Quantitatively, our results compare favorably with the most relevant previous study, that of Carlini and Stephan (2003). They changed the codon for Leu from the optimal (codons naturally in the fly) to rarely used, presumed non-optimal, codons. When six or ten optimal codons in the alcohol dehydrogenase (Adh) gene in Drosophila were substituted with non-optimal codons, this resulted in a 19 and 24 % reduction in protein expression, respectively. Six and ten codons represent 2.3 and 3.9 % of the Drosophila Adh gene. In our work, 16 codons represent 2.8 % of the luciferase gene. Our observed differences in expression are in the range of 5–25 %, depending on amino acid. Unfortunately, the amino acid studied by Carlini and Stephan (2003), Leu, so diminished luciferase activity as to be uninformative (Supplementary Material Fig.
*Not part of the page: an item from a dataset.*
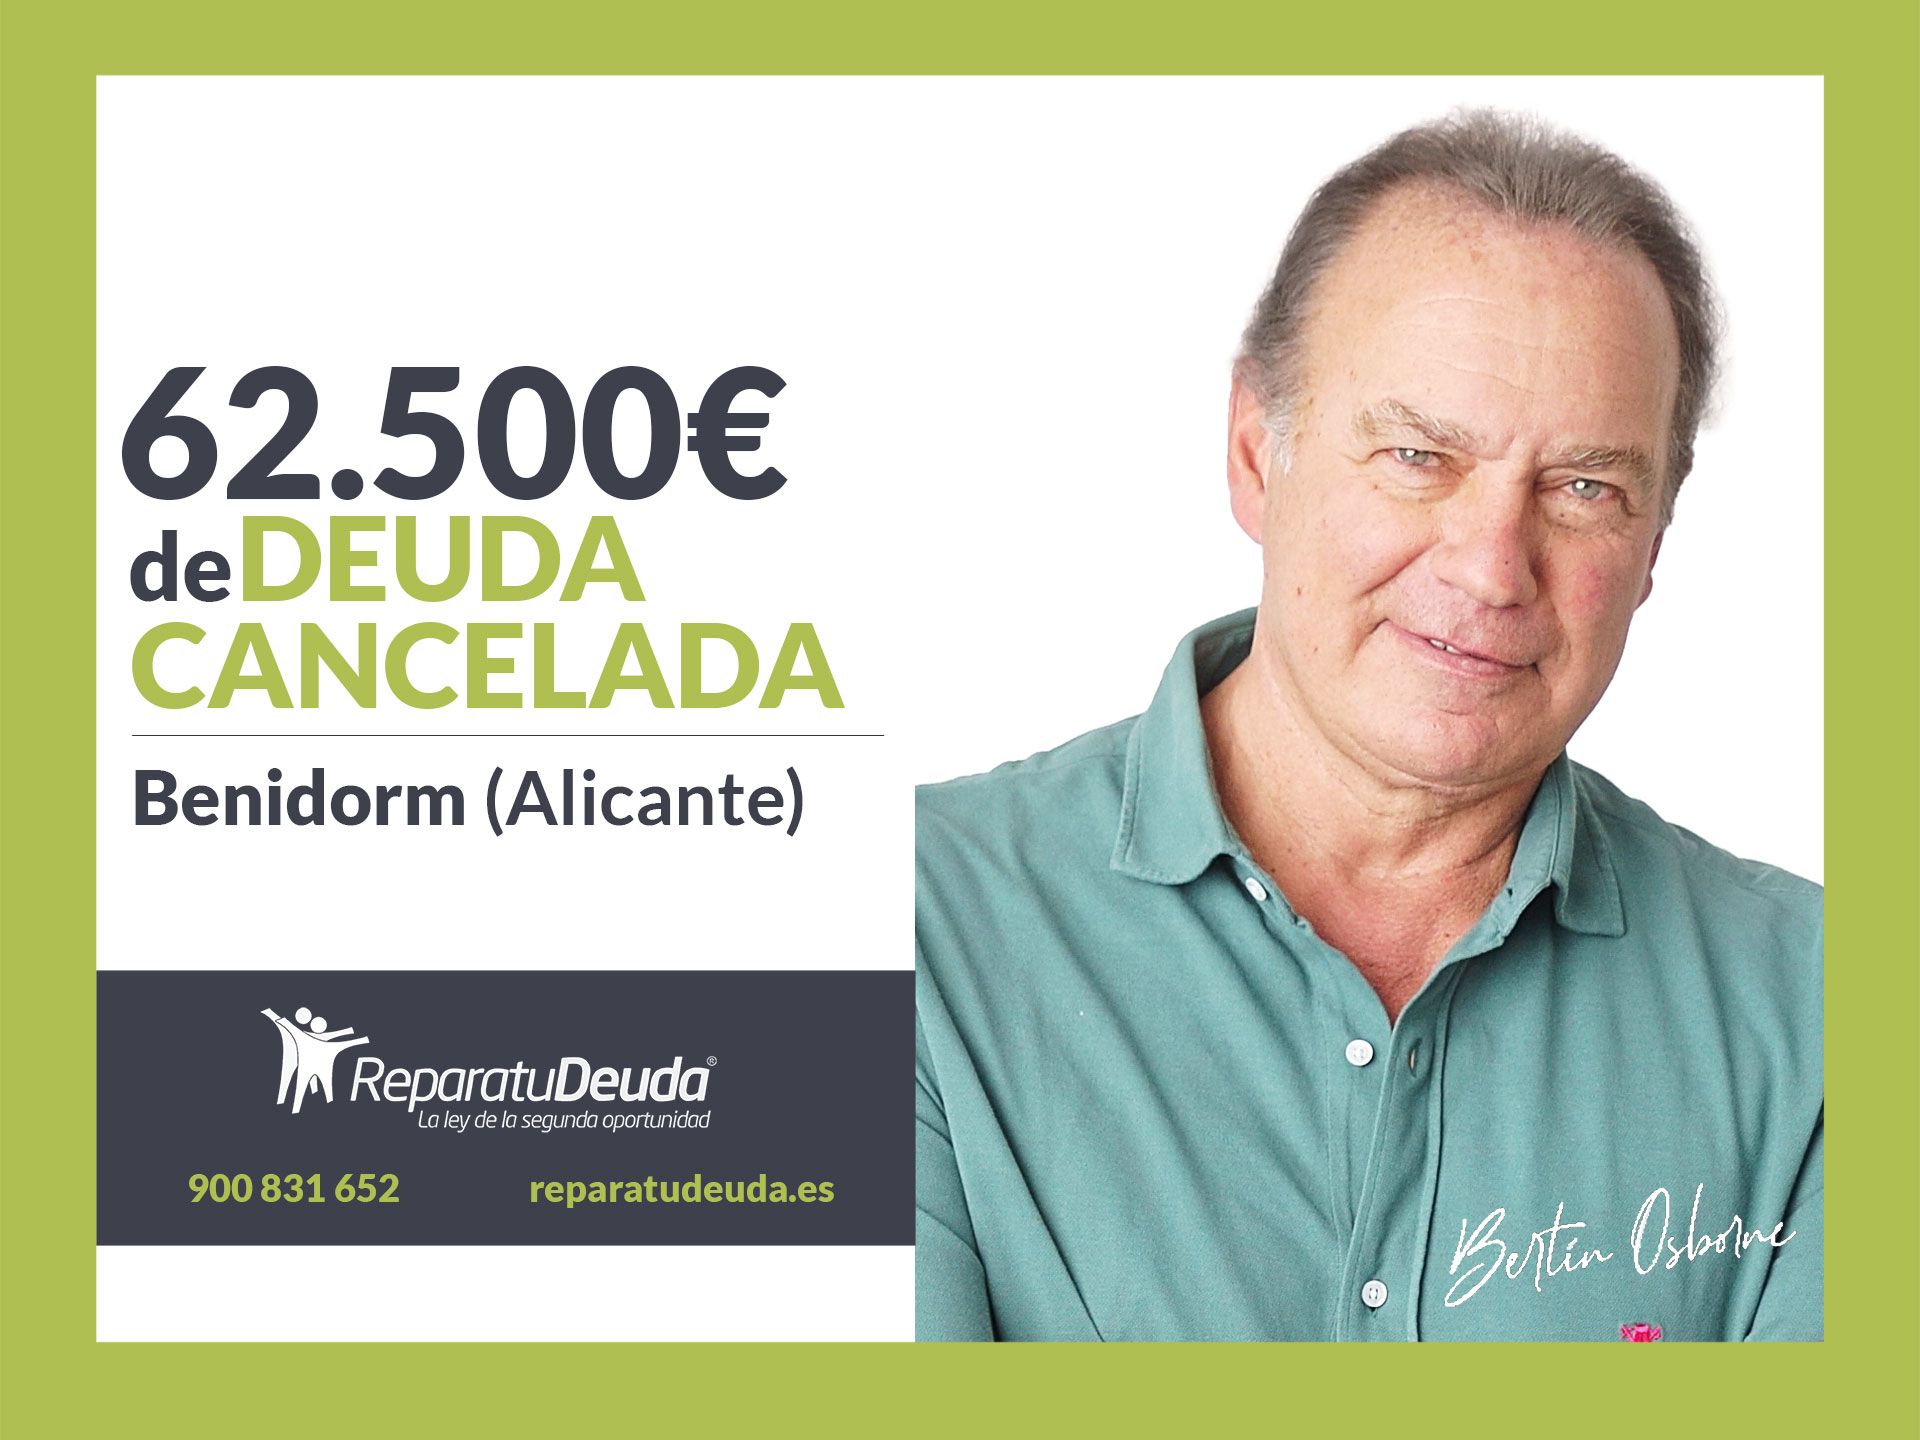 Repara tu Deuda Abogados cancela 62.500 ? en Benidorm (Alicante) con la Ley de Segunda Oportunidad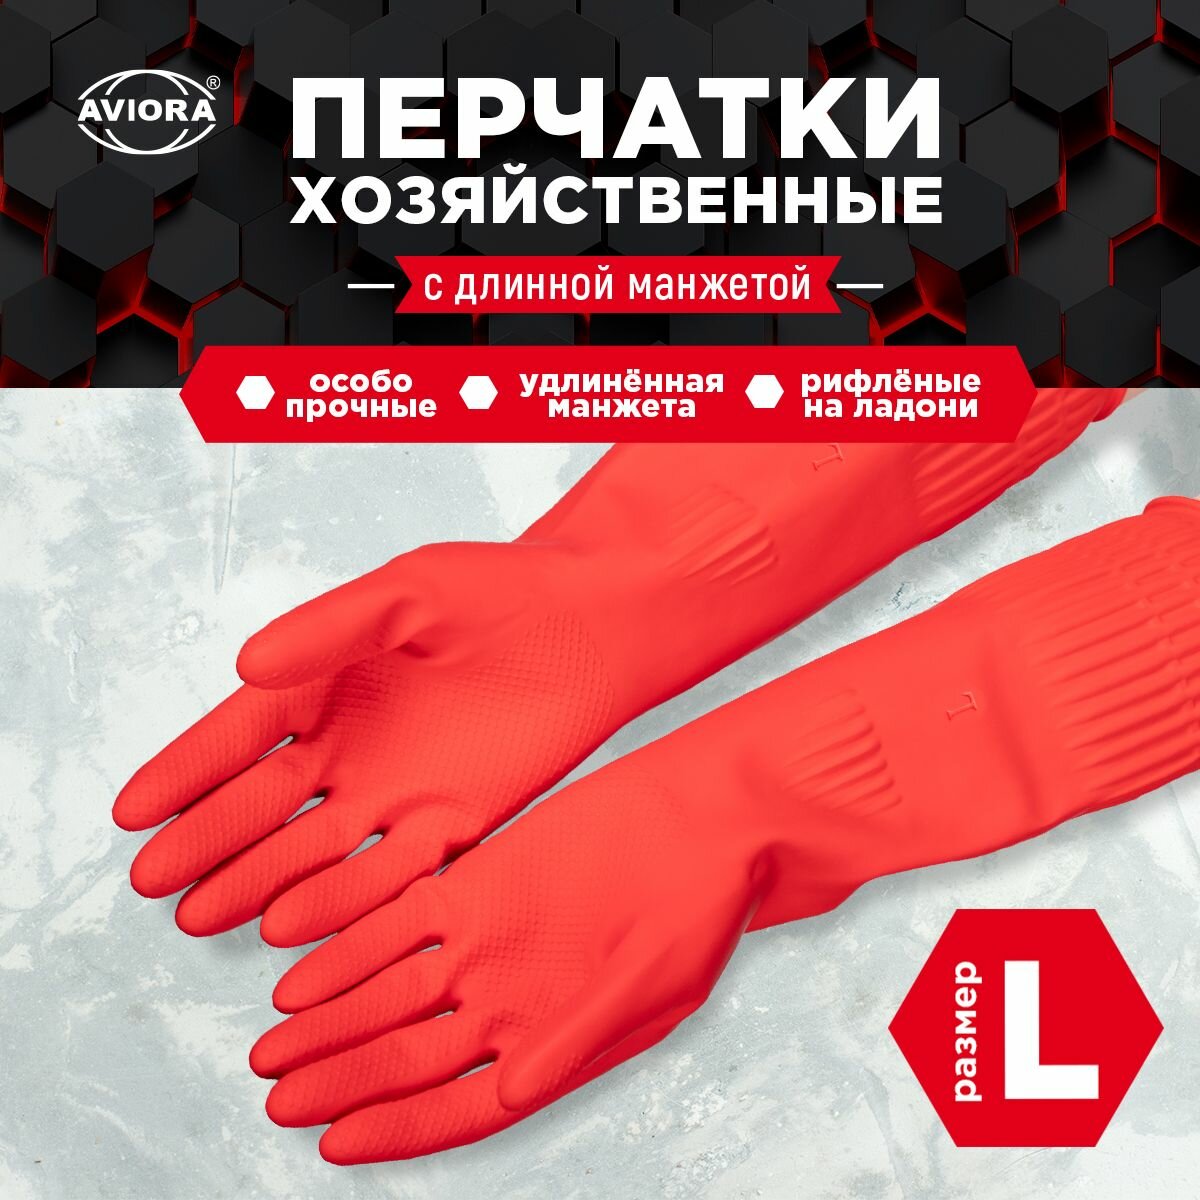 Хозяйственные перчатки резиновые с удлиненной манжетой, размер L, AVIORA (402-940)

S4) so we could not make a more direct comparison with that previous study.

The plasmid we developed (Fig. 1a, b) is flexible in that any oligo can be inserted and the position of the experimental oligo in the expressed protein can be at either end. Having two reporters controls for efficiency of transfection, i.e., the two reporters are in the same copy number regardless of the number of plasmids taken up. Thus by treating the data as in the box in Fig. 1c, comparisons across transfections can legitimately be made. We have also tested this plasmid in a human cell line and obtained reporter expression similar to that found in Drosophila cells (Table S1), so potentially this plasmid can be used for similar studies in a broader range of organisms.